The weekend of July 24–26 is not an ordinary Shabbat. It is Shabbat Nachamu, the Shabbat of Comfort, which arrives each year on the heels of Tisha b’Av—the summer day of mourning when Jews around the world remember the destruction of the ancient Temples in Jerusalem. On Shabbat Nachamu, our tradition makes a dramatic pivot: from three weeks of grief into seven weeks of consolation that carry us all the way to Rosh Hashanah.
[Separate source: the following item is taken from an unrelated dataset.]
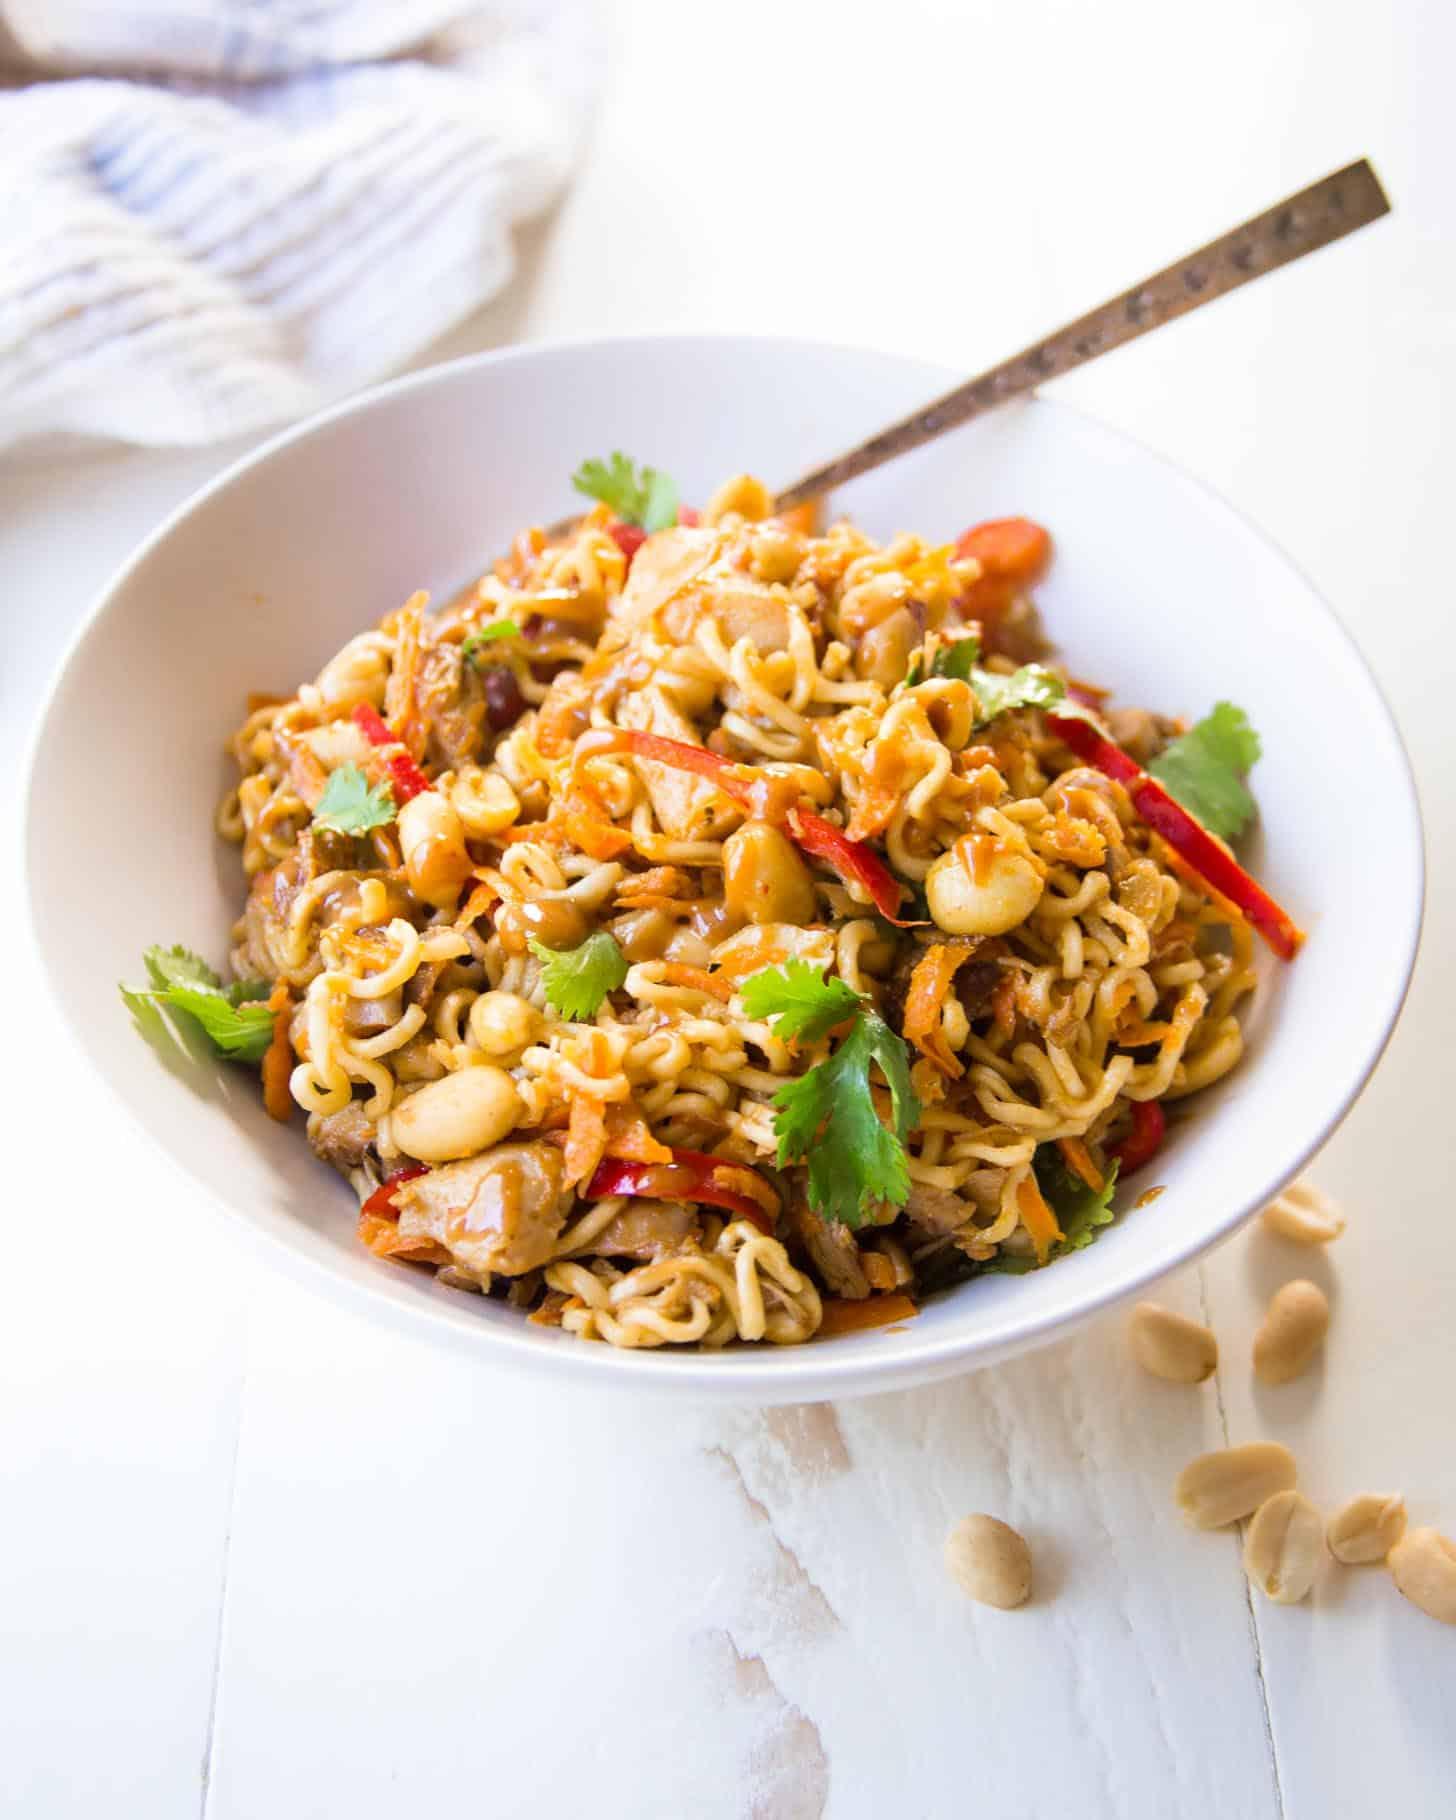 Thai Chicken Peanut Noodles in a bowl

The name of this Shabbat comes from the opening words of the prophet Isaiah: “Nachamu, nachamu ami”, Comfort, comfort my people. The sages noticed that the word comes to us doubled, and they taught that real comfort is never a one-time event. It is meant to be insisted upon, repeated, sung, and shared between people over time. Historically, Jewish communities have treated Shabbat Nachamu almost like a festival, with extra celebration, extra singing, and extra togetherness, because the tradition understands that after any season of heaviness, we are ready to turn toward one another again.


 

Together, we will have three days in the Pacific Northwest where you will finally get to exhale.

Nitzotzot is a Hebrew word meaning sparks. It comes from a teaching of the 16th-century mystic known as the Ari, who taught that holy sparks lie scattered throughout creation, waiting to be gathered and lifted back toward their source. In this worldview, the world is repaired not by any one person doing it alone, but by each of us recognizing the spark we carry, bringing it into the circle, and weaving the circle together strand by strand.

Your spark is needed here, and so are your questioning, your joy, your grief, your uncertainty, and your voice.

Across one Shabbat together, you will welcome Shabbat Nachamu in community through soulful Kabbalat Shabbat, with prayer and song that make room for both the ache and the salve, davenning in a way that is embodied and genuinely prayed together. You will sit with others who are carrying what you are carrying. Most importantly, you will actually rest, in the way that Shabbat was designed for and that most of us have forgotten is possible.

By the time you journey to your next destination on Sunday, you will feel more anchored in a tradition that has been renewing itself for thousands of years and still has something to say to this moment. You will feel connected to a regional community of Renewal-oriented Jews and seekers you can keep showing up for long after Havdalah. You will feel softer around the edges, more like yourself, carried by something larger. Most of all, you will have remembered that renewal is not something you manufacture privately, but something a people does together, strand by strand, week by week, until the circle holds.


This Shabbaton is for you if any of the following describes you.

You are Jewish and looking for your people on the west coast, or want to explore the beauty of the region; you are Jewish-curious, Jewish-returning, or in the middle of conversion. You are a Jew of color, or looking for community in the Jewish world. You are a rabbi, cantor, rabbinic chaplain, educator, or lay leader who spends all year holding others and needs somewhere to be held yourself. You are queer, trans, interfaith-partnered, a seeker, a skeptic, a mystic, an elder, or a parent who has not had a real Shabbat in years. You are in need of good company.

You do not need to read Hebrew, know the liturgy, or have done anything like this before. You do not need to be sure what you believe. You just need to show up.


 

 

Nitzotzot: Gathering the Sparks of Renewal is where sparks are kindled, voices gathered, and the circle is woven together.

Nachamu, nachamu. Come be comforted, come be a comforter, and come gather your spark to ours.